Quite clearly, transformation equations for physical quantities not involving electric and magnetic fields (such as velocity, acceleration, force, etc.) remain valid for gravitational-cogravitational systems as well. However, the constant c appearing in the conventional relativistic transformation equations represents the velocity of propagation of electromagnetic fields in a vacuum, which is the same as the velocity of light. The velocity of propagation of gravitational and cogravitational fields is not known, although it is generally believed to be equal to the velocity of light. If the velocity of propagation of gravitational fields is not the same as the velocity of light, our relativistic transformation equations for gravitation would still remain correct, but the constant c appearing in them would be different from c appearing in the corresponding electromagnetic equations. Therefore, the behavior of rapidly moving bodies involved in gravitational interactions would be different from the behavior of rapidly moving bodies involved in electromagnetic interactions. In effect there would be two different mechanics: the “gravitational-cogravitational mechanics,” and the “electromagnetic mechanics” involving different effective masses, different effective momenta, and different rest energies.
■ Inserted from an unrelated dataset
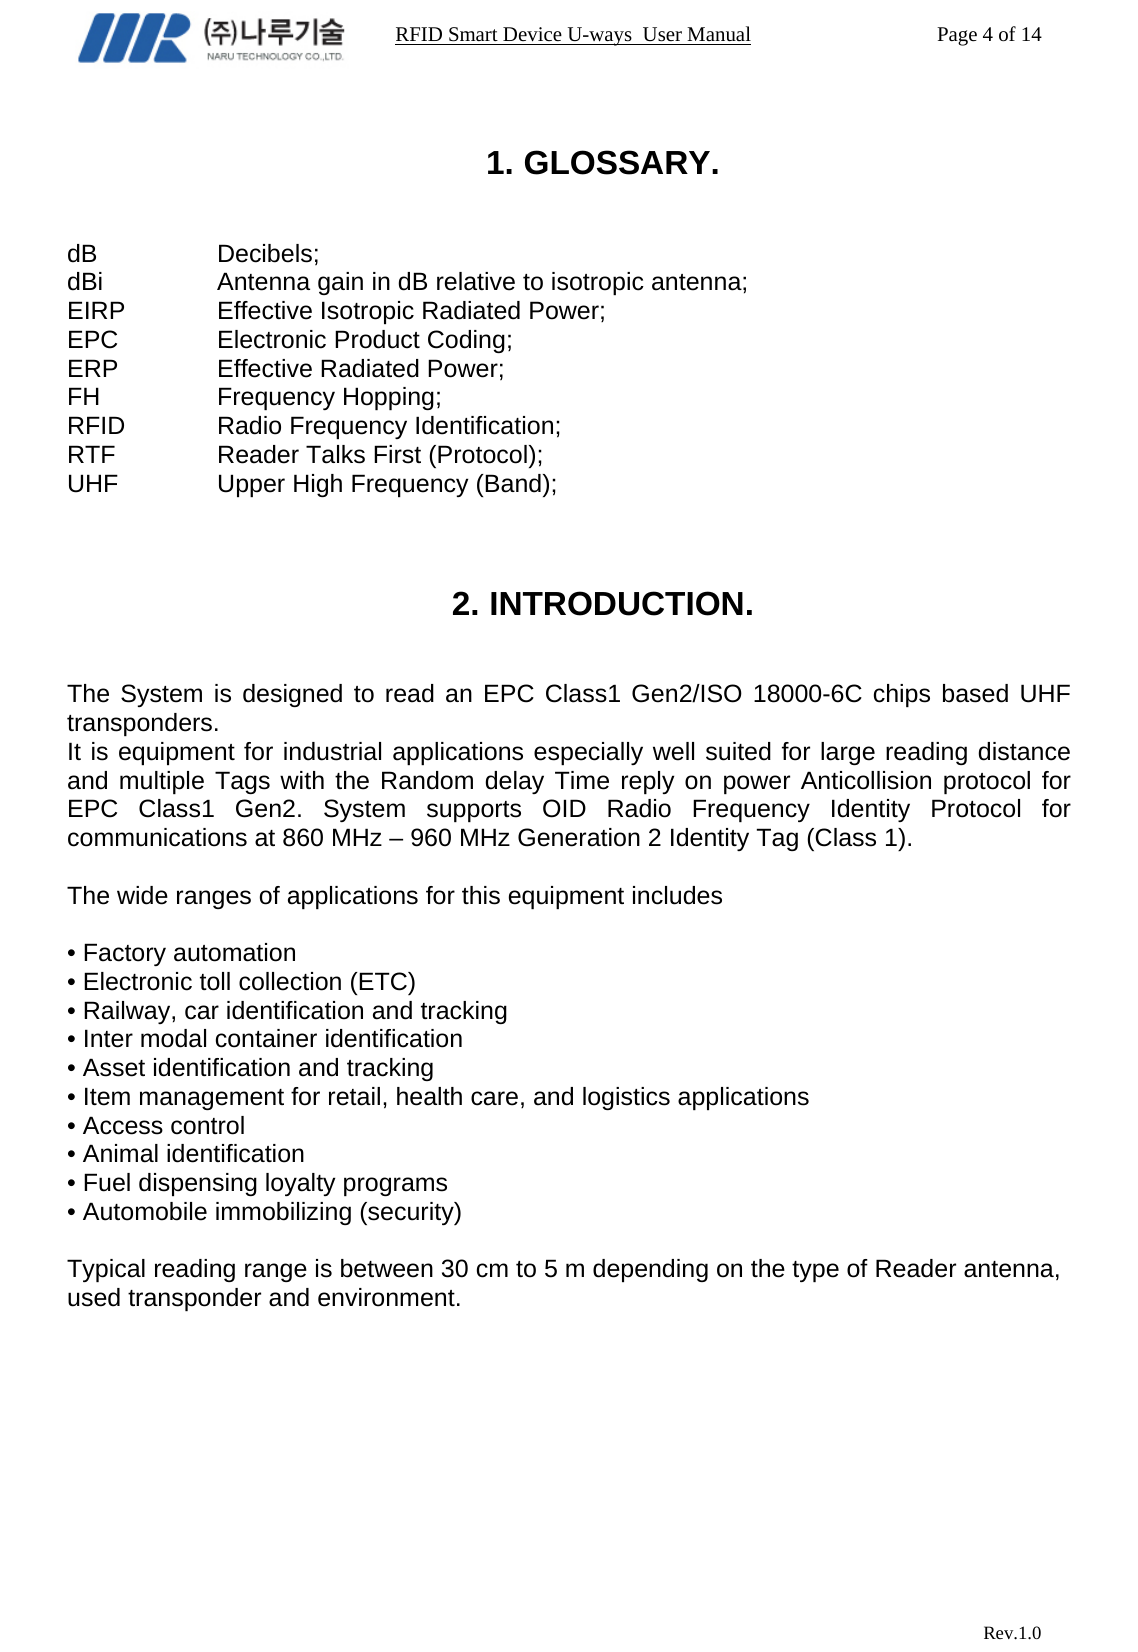                                                                RFID Smart Device U-ways  User Manual           Page 4 of 14                            Rev.1.0  1. GLOSSARY.   dB   Decibels; dBi    Antenna gain in dB relative to isotropic antenna; EIRP    Effective Isotropic Radiated Power; EPC   Electronic Product Coding; ERP    Effective Radiated Power; FH   Frequency Hopping; RFID   Radio Frequency Identification; RTF    Reader Talks First (Protocol); UHF    Upper High Frequency (Band);    2. INTRODUCTION.   The System is designed to read an EPC Class1 Gen2/ISO 18000-6C chips based UHF transponders. It is equipment for industrial applications especially well suited for large reading distance and multiple Tags with the Random delay Time reply on power Anticollision protocol for EPC Class1 Gen2. System supports OID Radio Frequency Identity Protocol for communications at 860 MHz – 960 MHz Generation 2 Identity Tag (Class 1).  The wide ranges of applications for this equipment includes  • Factory automation • Electronic toll collection (ETC) • Railway, car identification and tracking • Inter modal container identification • Asset identification and tracking • Item management for retail, health care, and logistics applications • Access control • Animal identification • Fuel dispensing loyalty programs • Automobile immobilizing (security)  Typical reading range is between 30 cm to 5 m depending on the type of Reader antenna, used transponder and environment.

A possibility exists that our gravitational relativistic transformation equations are not entirely correct. According to Einstein’s mass-energy equation, any energy has a certain mass. But a mass is a source of gravitation. Therefore the gravitational field of a mass distribution may be caused not only by the mass of the distribution as such, dut also by the gravitational energy of this distribution (for a detail discussion of this effect, including the possibility of antigravitational mass distributions arising from it, see Chapter 19 in [3] ). If this effect is taken into account, the equation for the divergence of the gravitational field (see Eq. (7-1.1) in [3] )

$\nabla \cdot g=-4\text{π}G\varrho$ (16)

becomes only approximately correct, and all equations derived with the help of Equation. (16) also become only approximately correct. It is important to note, however, that this energy effect, if it exists, is extremely small². In connection with the foregoing, we recommend that the reader become familiar with the work “Binormal Motion of Curves of Constant Curvature and Torsion. Generation of Soliton Surfaces.” [13] .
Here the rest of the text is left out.